Richemont is a luxury goods company with an outsized exposure to the hard luxury subsegment (i.e. jewelry and watches) of the market.  Within its portfolio, they own high-end jewelry Maisons Cartier and Van Cleef & Arpels and notable watch brands Vacheron Constantin, IWC, Jaeger-LeCoultre, Piaget, Panerai and Baume & Mercier.  Richemont’s high-end jewelry Maisons performed extremely well through the pandemic and have held up better in recent times, which has been reflected in its valuation. Furthermore, we would also be remiss not to acknowledge one of management’s astute decisions. Similar to Swatch Group, last decade when the Chinese government clamped down on gift giving, they were left with excessive inventory in the wholesale channel.  Management responded by repurchasing and then destroying €300 million of surplus watches to both assist its retail partners and avoid their brands ending up in the ‘grey channel’ where they risked being tarnished by discounting. Perhaps in hindsight, we should have been more critical of Swatch Group’s reluctance to follow suit given their inventory issues and lagging performance today.

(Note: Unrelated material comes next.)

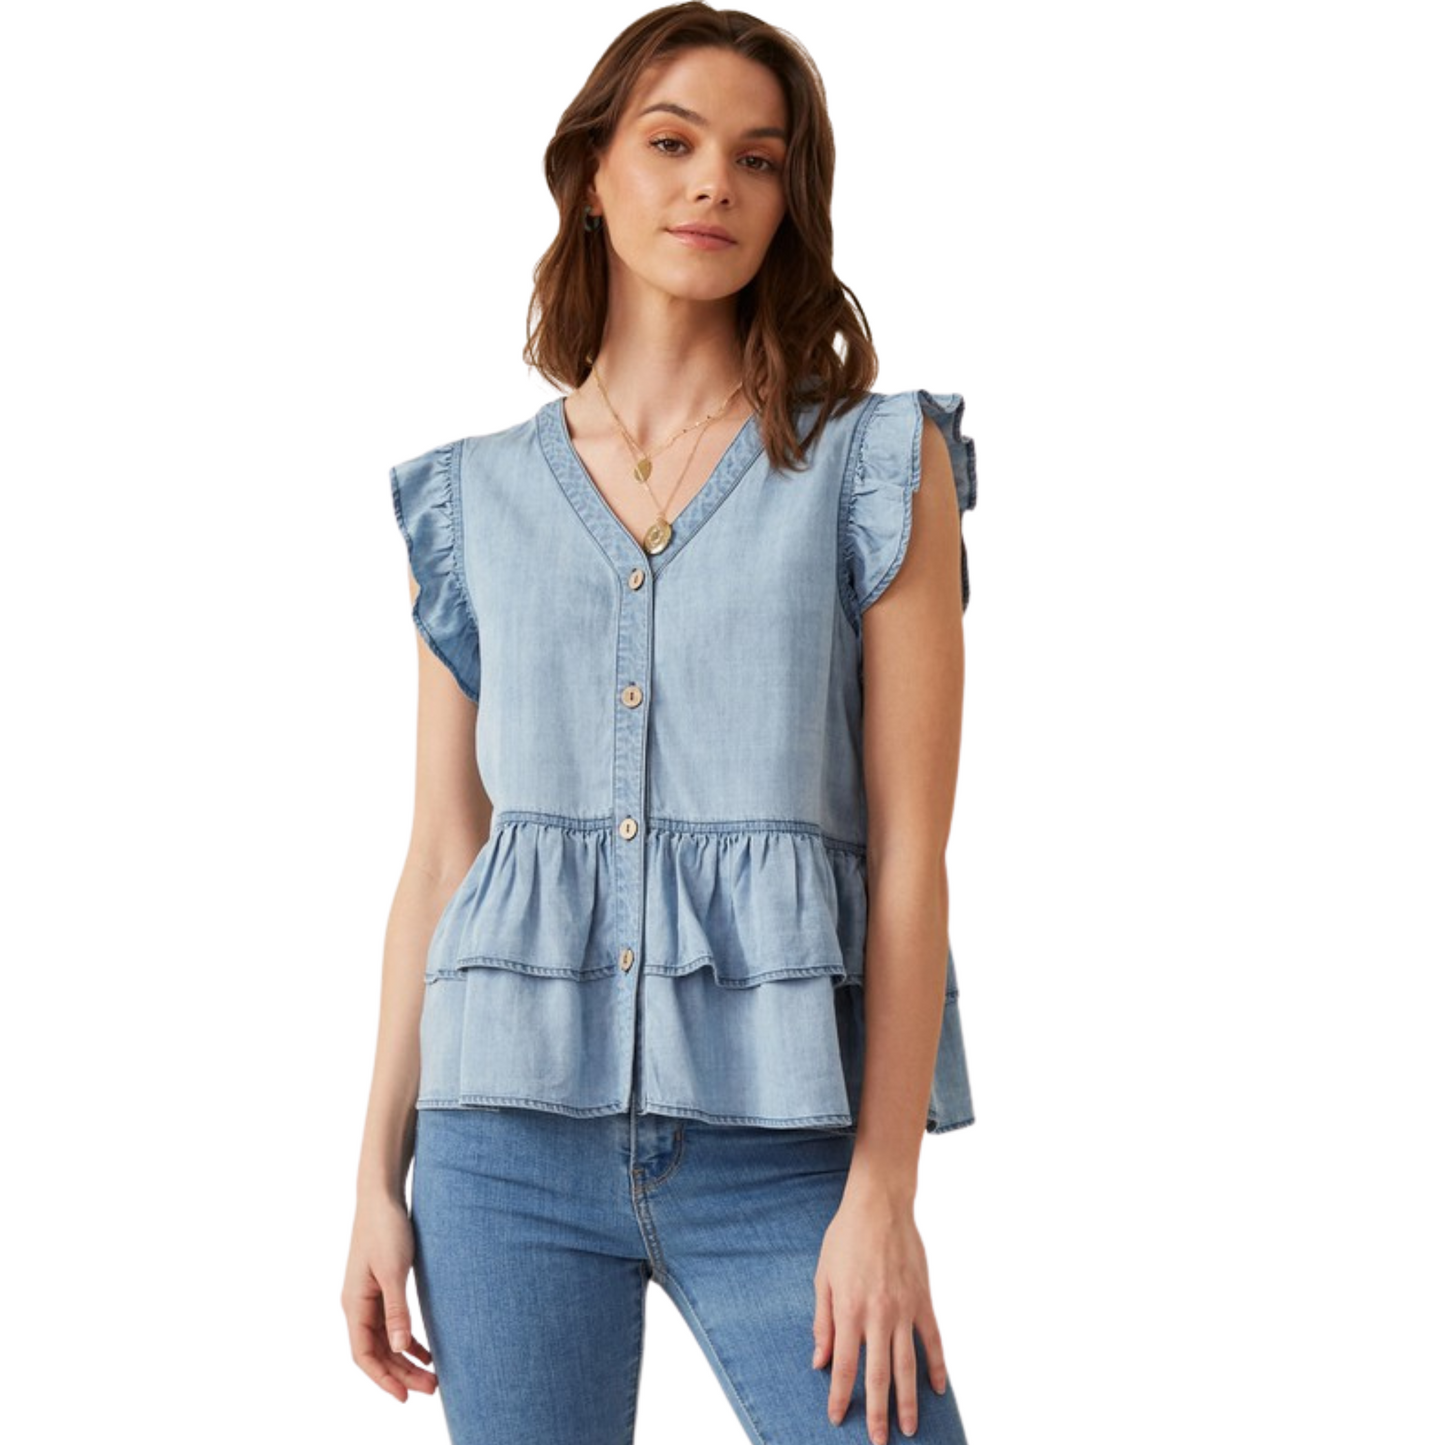 This Ruffled Denim Top is crafted from lightweight woven denim fabric with enriching button and ruffle details. Perfectly stylish and designed to flatter, it's an excellent choice for any warm weather ensemble.

Kering is a luxury goods conglomerate. The company’s flagship brand is Gucci but over time the group has made steady progress building out a tail of mid-sized and profitable brands including Yves Saint Laurent, Bottega Veneta and Balenciaga. We believe Gucci is a brand with a unique and advantaged position due to its credibility for both its craftsmanship and fashion. The uniqueness of the brand allows Gucci to address a massive market across most luxury categories and geographies, while also catering to both male and female clientele.  In recent times, Gucci has been experiencing outsized struggles given a greater exposure to China and self-inflicted wounds during a period of rapid growth.  We have seen the brand experience bouts of poorer performance over its history, given its more fashion forward approach, making its current challenges not unfamiliar territory. Furthermore, after several in-depth discussions with management, we believe there is a credible path to reinvigorate its brand and improve its stability over the long-term.

LVMH is the largest global luxury group with a collection of 75 brands. Its largest brands include LV, Christian Dior, Moet Hennessey, Bulgari & Tiffany, along with retailer Sephora. LVMH has delivered a remarkably high and consistent level of profitability over recent decades in part due to it being the most diversified luxury goods company with exposure to fashion and leather goods, watches and jewelry, perfume and cosmetics, wines and spirits and beauty retail. The business is controlled by Bernard Arnault, who built the company through M&A, while also pioneering important principles in the luxury industry. In addition to its diversification benefits, its vast portfolio of brands provides them with unrivalled scale and the ability to both attract and retain talent as they regularly cycle them across the portfolio.  In our eyes, LVMH is truly a standout and warrants the above average price we paid to initiate a position in an excellent business.

NP/E (x)* P/B (x)* Proj ROE (%) F/L (x) Most Noteworthy Brands YTD Portfolio Activity
Swatch Group 9.7 0.8 8.0 1.2 Omega, Longines, Tissot and Harry Winston Exited in Q3
Richemont 31.9 4.2 13.0 2.1 Cartier and Van Cleef & Arpels Trimmed in Q2 and Q3
Kering 8.5 2.1 25.0 2.8 Gucci, Yves Saint Laurent, Bottega Veneta and Balenciaga Initiated in Q2 and added in Q3
LVMH 22.1 5.3 24.0 2.2 Louis Vuitton, Dior, Bulgari, Tiffany and Sephora Initiated in Q3

* Valuations based upon Sept. 30th
Holdings and Dividends are subject to change. All holdings are available upon request. Projected ROE for the holdings is not a prediction of future results for the Fund.